Is Love Logical
inspired by an in class discussion on love and logic
Is love logical?
Tell me this, would you logically hand someone your beating, bleeding heart and say “just be careful.” That is what is keeping you alive. Giving them your heart is the equivalent to giving them the reason why you are living.
Love is not logical at all, why in the world would we logically give away everything we grow up learning to protect. Our security, our peace of mind, our hearts, our trust to one single person who could bring us the utmost joy but on the other hand could cause such exquisite pain. Why would be be so vulnerable and so naked as to give ourselves to someone else to such a degree that they could destroy us with just a few words.
As humans we don’t want to be hurt. We don’t go into things with the aspiration of being broken, so why would we put our all on the line? Why would we give away everything so sacred and so personal? Simple. That is love. Because we can’t help it. Because the potential happiness outweighs the risk. Because for that one person you would do anything. Because if it works they could be the everything you always wanted.

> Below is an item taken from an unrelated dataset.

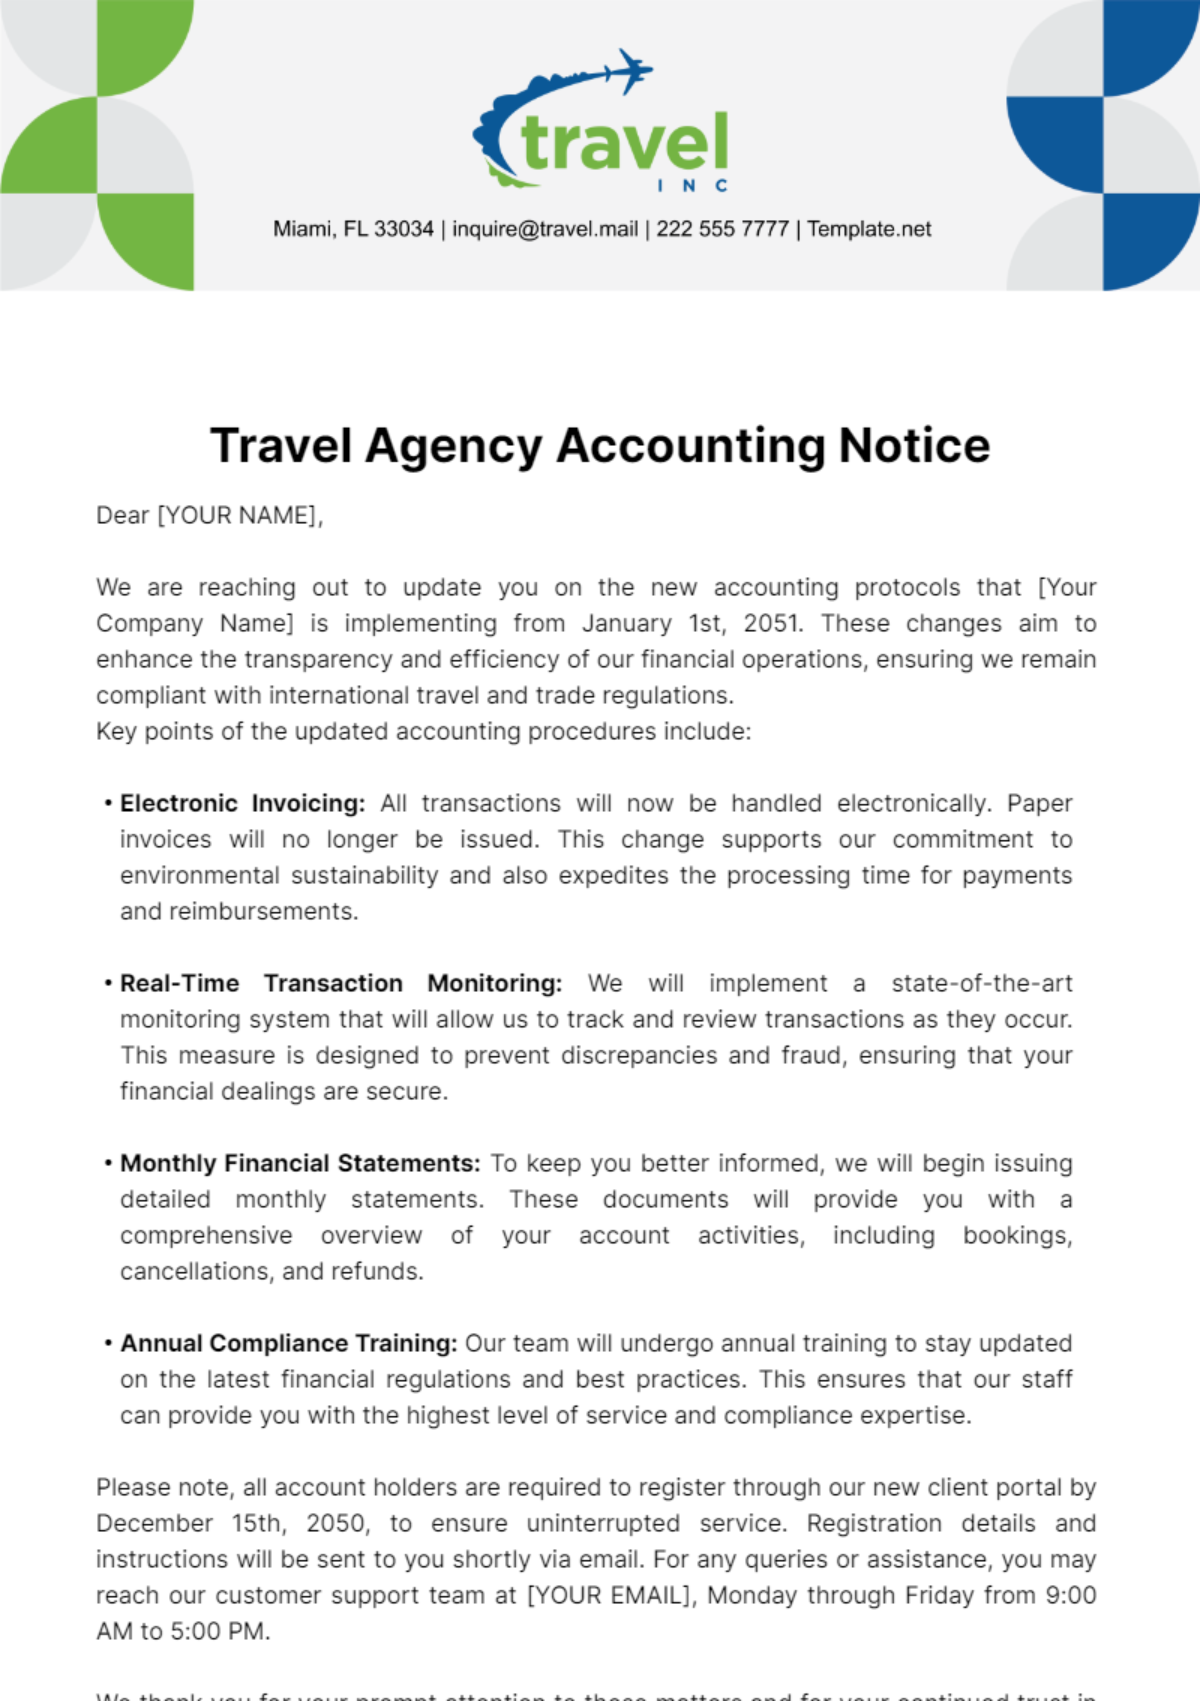 Free Travel Agency Accounting Notice Template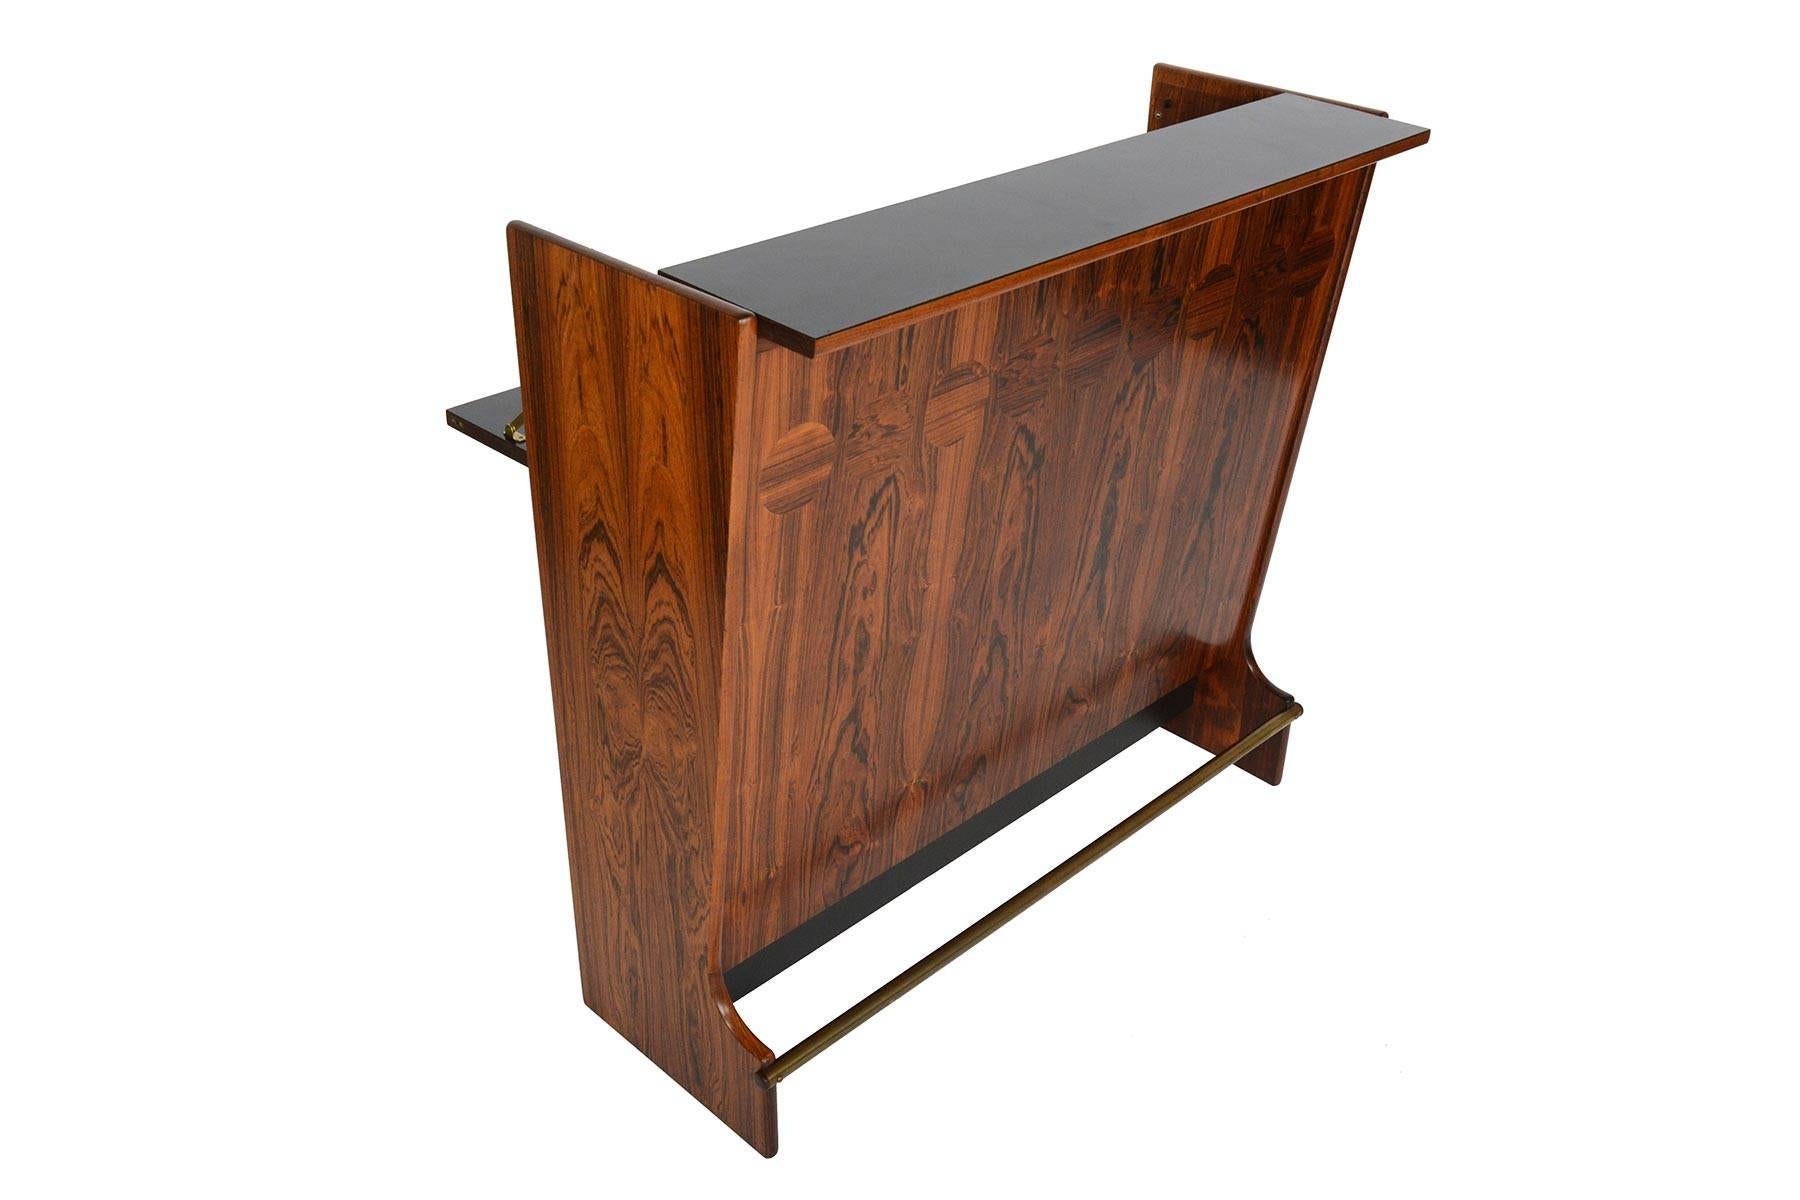 This top of the line Danish modern Brazilian rosewood freestanding cocktail bar Model SK 661 was designed by Johannes Andersen for J. Skaaning & Søn in 1958. With absolutely stunning grain and detail throughout, this rare piece features reverse

We don’t choose who we fall in love with. Sure we could “logically” line up what the ideal man would be for us. Good paying job. Desire to support me. Good with kids. Responsible. Kind. Someone could check all of those boxes predetermined by the middle school girl in us all and still it lacks that honest and true love. The chemistry. The spark. The passion. The desire. Someone could have every qualification of being the one. They could check every box on your “logical” list, but it just is not there. And you can’t force it to be.
You could fall in love with someone you can’t have. You can fall in love with someone you shouldn’t want. We’ve all done it at one point or another. It’s one of the most bittersweet feelings in the world. To feel those glorious butterflies fill your soul but know it’s forbidden.. undesired. How could something so illogical and stupid make you so giddy. Falling in love with something you can’t have is painful but exhilarating all at once. It will leave you with what if’s and uncertainties. It’s so painful to know the way they make you feel but have it be just beyond reach and untouchable but all at once, undeniable.
People always tell stories of how they fell in love with who they were with.
“I was dating a girl for 3 years, known her all my life. But then I met my wife. I couldn’t deny it. I knew she was the right one for me despite all the time I had spent on the past relationship. This was just right.”
“I was writing a missionary, he was 2 months from getting home and I met this guy who everyone found imperfect. I fell completely and undeniably in love with him. He wasn’t perfect by any stretch of the imagination, but he was perfect for me. And I loved him.”
“I was engaged to my ex when out of no where he showed up. He changed everything. How could I deny myself of that happiness? How could I look and him and see all I ever wanted but pass it up over a previous and now irrelevant engagement?”
One trend I’ve seen above all is “it was undeniable.” Everyone deserves an undeniable love. The kind of love anyone and everyone can see, even from the outside looking in. The kind of love no one can say it isn’t there. No one can honestly look you in the eye and tell you no I don’t see it. It takes awhile, it takes patience to wait for it and find it. It may take overcoming but if you find that one person that regardless of timing, situation or history you cannot deny your love for them, don’t walk away from that. No matter how hard it may seem to make it work.
I would definitely claim that love is in no way shape or form logical. It’s far too feeling and emotional. No one can control it, it’s beyond us. We have no other choice than to just experience it. It takes over every logical bone in our body, so we may as well give in to our emotions and feelings and just enjoy the journey.